I love this thread. There’s a lot of great stuff here, some of which I’d like to follow up on. One thing that’s important to keep in mind - our decisions of what we would change are kind of influenced by the desired endpoint. If I was training to be a world-class PL or OL, almost everything from 23 onwards was worthless, haha. But in the scope of my own life, I wouldn’t totally change things, just would redirect a little bit. Anyways:
Ages 14-22:
I wouldn’t change anything about my training. I had been pretty well-coached by my father (very average amateur PL’er, but lifted in meets and knew what good lifting looked like) and my training was fairly sound - mostly good heavy compounds supplemented with appropriate assistance work and conditioning. As for the guys here who said they would play a sport & train for it - definitely, playing football and wrestling gave me a very good foundation of athleticism, understanding of hard work, and desire to keep myself in shape.
BUT, I would revamp my nutrition quite a bit. The sports kept me so active that I ate a ton, but too much of it was junk food. My parents did a pretty good job of cooking decent meals - it’s not like we ordered pizza for dinner every night - but I gorged myself at every meal, ordered the biggest size of everything when we ate out, etc. I would go back, eat more reasonable portions, make myself eat a protein and vegetable at every meal, and limit (not eliminate, kids have to live a little) the junk food, milkshakes, and desserts.
Or at least order small milkshakes instead of large ones, haha. I was an athletic-but-fat kid, and instead of being a chunker at 245ish pounds, I probably could have been a leanish 225 pounds and better at my sports as a result.
Ages 23-26:
Although what I did in this time-frame had virtually no bearing on long-term lifting success…I wouldn’t take it back, I would just do a few things differently. I spent most of this time running (including a slew of half-marathons and 1 full), biking, and took up yoga. This wasn’t going to help lifting progress at all, but it was cool and exposed me to other types of exercise and training strategies for them.
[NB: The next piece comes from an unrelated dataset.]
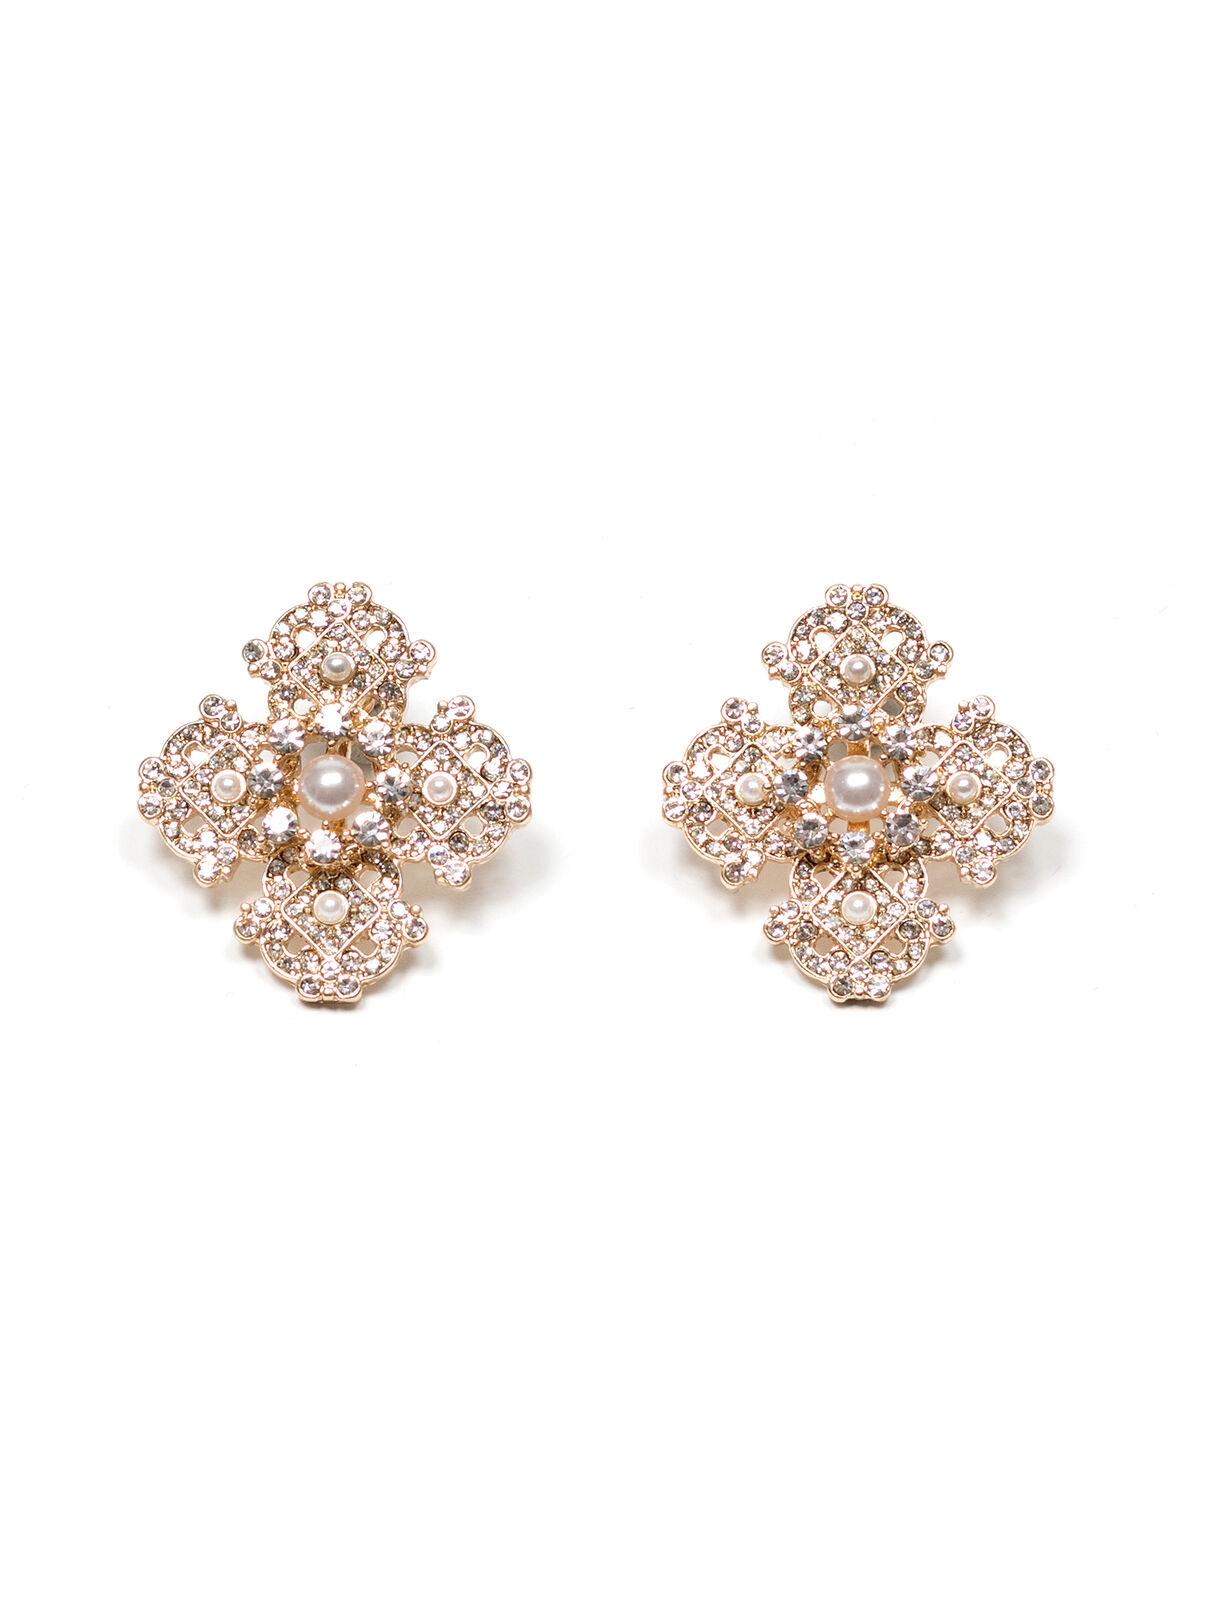 Buy Latest Trendy Earrings Online Cheap Gifts under 20 Dollars - giftforyou.store

What I would change, though: I had plenty of stretches in here where I did absolutely zero strength training, or occasional bench workouts with some curls and nothing else. Instead, even if training for a marathon, I would tell myself that I should keep doing minimum of 1 deadlift workout and 1 bench workout per week, to maintain some basic level of strength. I also would have bought a kettlebell sooner and used it more regularly.
Obviously, if I were writing this with the goal of becoming a world-class powerlifter, then all of this was pretty much wasted time. But as a “guy who just wants to stay in pretty good shape” I can live with this diversion, because it exposed me to so many other fitness-things that I learned from, some of which I will carry forward. Probably the best thing to come out of this was the introduction to yoga.
Age 27-28:
Spent most of my age-28 year goofing around with some odd workouts, and eventually started doing lots of kettlebell work. I would change plenty about this…once I made the decision to start strength training again, I would have gone back to the gym much sooner (instead of doing KB-only at home) to add barbell work AND kettlebell work, instead of dicking around with some KB stuff, occasional pull-ups, and all sorts of other goofy decisions and acting like this was a recipe for sustained progress.
My first training log on here is a total mess of I’ll-do-this, no-wait-I’ll-do-this instead decisions. It’s only the last few months that I feel I have really started making solid progress.
I would, and will, keep my regular hot yoga practice as a complement to the strength work. Ideally at least once a week. Hot yoga class is magic for recovery.
Today:
I feel like I’m going in the right direction (have recently posted a plan for the next three months in my training log).